No one on the ground was hurt, authorities said. 

The plane took off from Myrtle Beach, South Carolina, at about 12:45 p.m., and was headed to Plainville, Connecticut, according to the FAA.  

The pilot made a distress call over Farmingdale reporting some type of instrumentation problem, according to NTSB senior investigator Robert Gretz. He said the pilot said something to the effect of, "I have a partial panel loss." 

The plane then disappeared off the radar and broke up in flight, leaving behind a debris field of about two miles. 

"Sometimes the higher up it breaks up, the larger the debris field," Gretz said. 

Recordings between first responders and dispatch revealed the sheer amount of wreckage that was scattered on the ground. 

"I got multiple parts to a plane," one first responder is heard saying in the recordings posted to Broadcastify. "I just found a sneaker... I got like a sneaker... a bag." 

Another says, "I've got a fuselage of one single-engine plane. I see a lot of clothes and another sneaker." 

The stretch of Cold Spring Road is lined by homes and several schools. Melissa Wesley Kessler, a teacher at Berry Hill Elementary School, said she was working inside when she suddenly heard a very loud noise, like a motorcycle revving its engine.

"I didn't hear a crash or anything, it just sounded like something kind of coming down out of the sky," she said. 

When she walked out, "there were fire engines and pieces of debris partly on our school grounds, across the street, down the block. Pieces of glass, twisted metal."

"It was really frightening," she said. "I had a pit in my stomach, it was scary." 

Neighbor Bianco Devito recounted a similar scene.

"I was just sitting in my living room and all of a sudden, I heard a buzzing noise and then a huge boom, sort of like something was being dropped," she said. 

When she ran outside into her backyard, which faces the parking lot of the BOCES Long Island High School for the Arts, she saw a body. 

"Oh God, it was terrible. It's not something you're expecting to be seeing every day. It was very scary," she said. 

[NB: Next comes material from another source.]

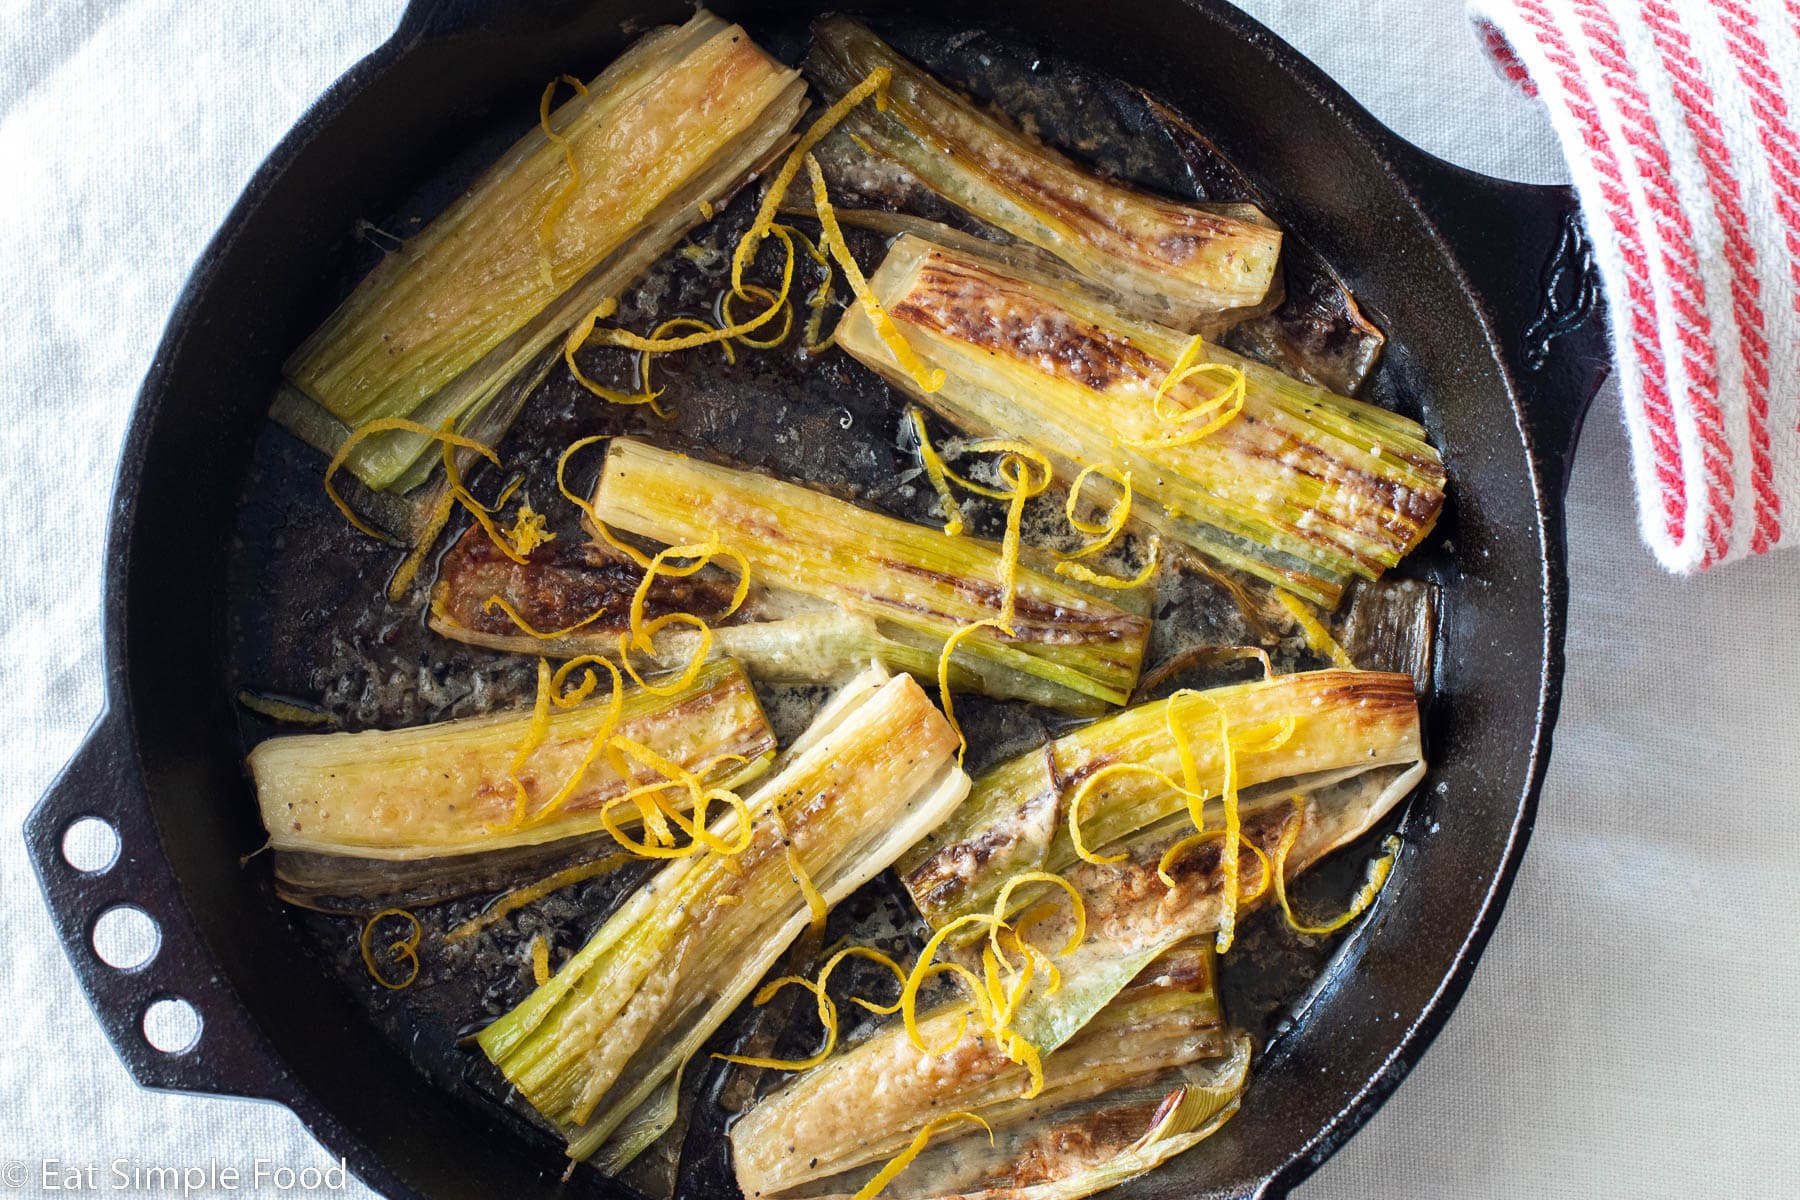 Eight seared leeks in a cast iron skillet on a white table cloth. Leeks are garnished with Parmesan cheese and lemon zest. Top down view. Red and white kitchen towel around handle of cast iron skillet.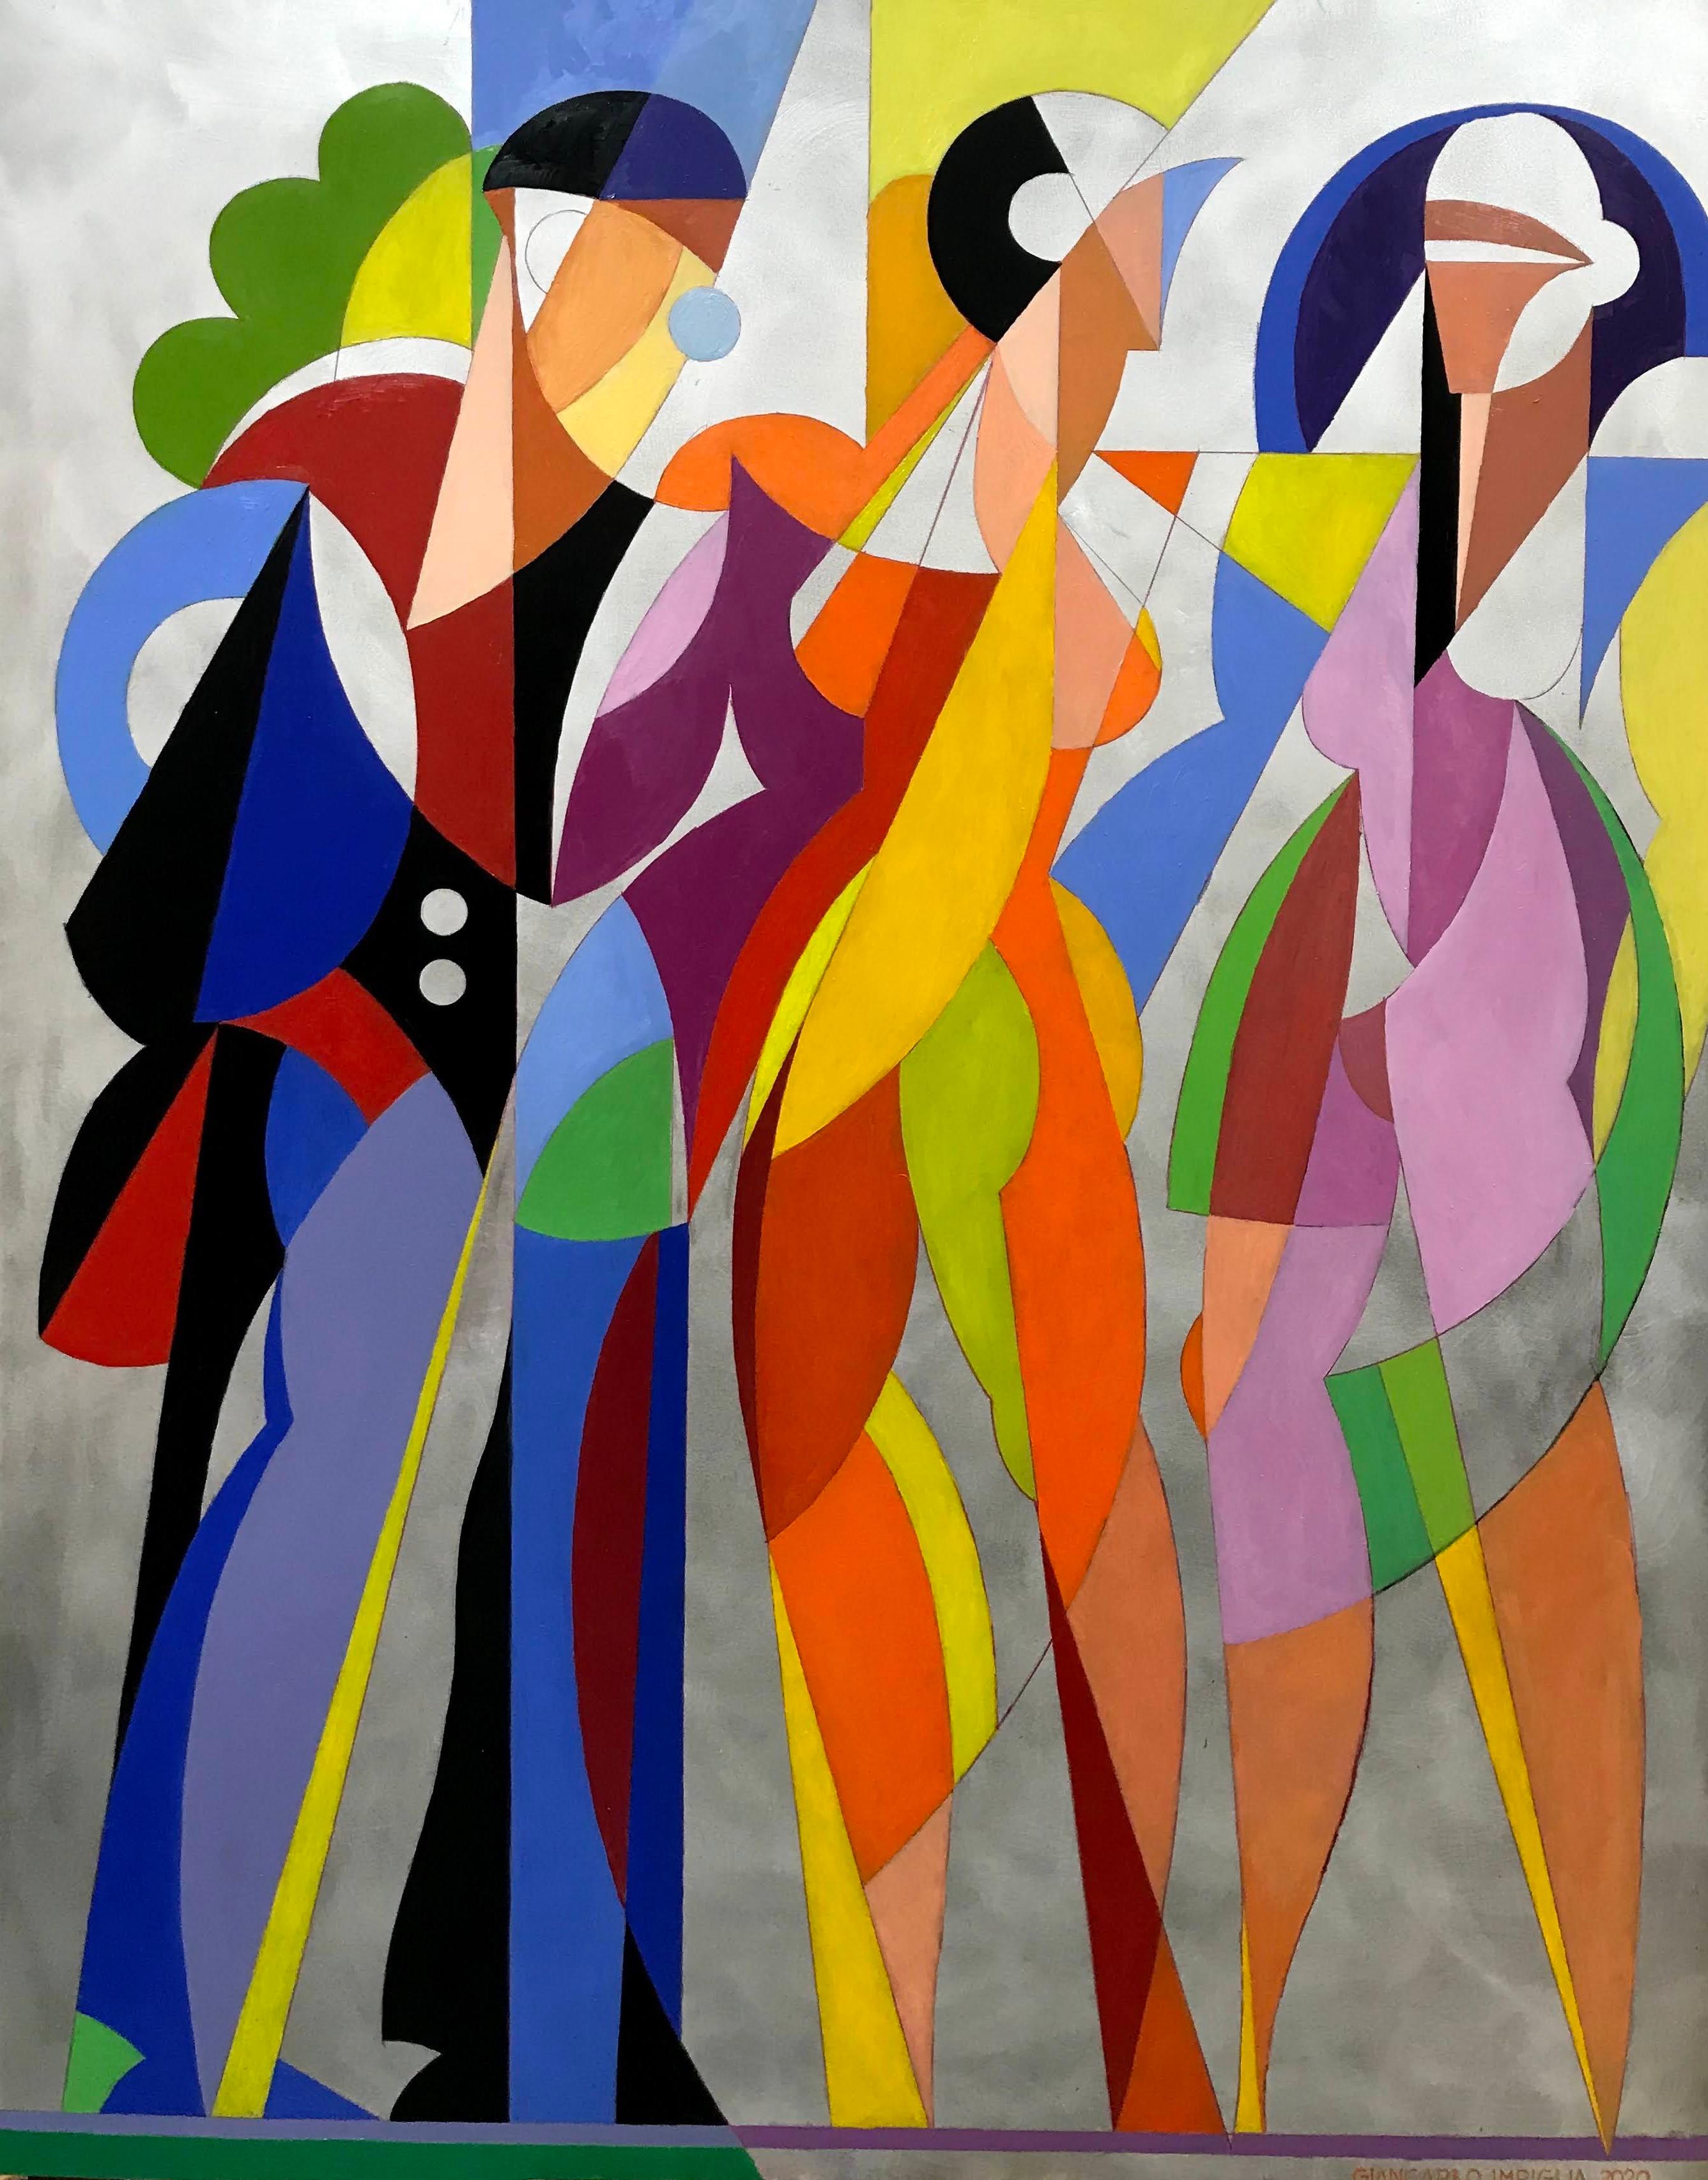 Giancarlo Impiglia - Figurative, pop art oil painting, "Fortuitous  Encounters" For Sale at 1stDibs

A woman named Nicole told NBC 4 New York she was driving to Southwoods Junior High School to pick up a girl she babysits when something suddenly fell out of the sky, landing about 20 feet in front of her to the right.

"I didn't know what it was first at all, but it looked like an airplane seat," she said. 

"I had to do a triple take. I couldn't believe an airplane seat just fell in front of me," she said.

Nicole said she didn't know what to make of the "bizarre" incident, especially because she didn't hear anything, but when she got to the school, "everyone was looking up at the sky and then we kind of found out a little bit after that." 

The schools in the area -- including the Long Island High School for the Arts, Berry Hill Elementary Syosset High School, Southwoods Junior and Senior High School and Syosset High School -- were locked down briefly after the crash as authorities investigated. 

Gretz siad it's not clear why the plane broke apart in the sky. 

"It's not a common investigation for us," Gretz said of the plane breaking apart in the sky. "It does happen. In 18 years, I've probably worked five or 10 of them." 

Officials are looking at a number of factors in the crash, including whether the pilot was caught in bad weather. If the pilot didn't have functioning instrumentation in bad weather, it would be like driving through fog without lights or a dashboard, Gretz said.

Gretz said Nassau police was assisting in the investigation by documenting each piece of plane debris. A preliminary report is expected to be issued within five to 10 business days, and a final report including a probable cause will be issued in about nine to 12 months. 

Cold Spring Road was closed in both directions between Townsend Road and Chelsea Drive as emergency responders attend to the scene.

The FAA says it will investigate the crash and the National Transportation Safety Board will determine the cause.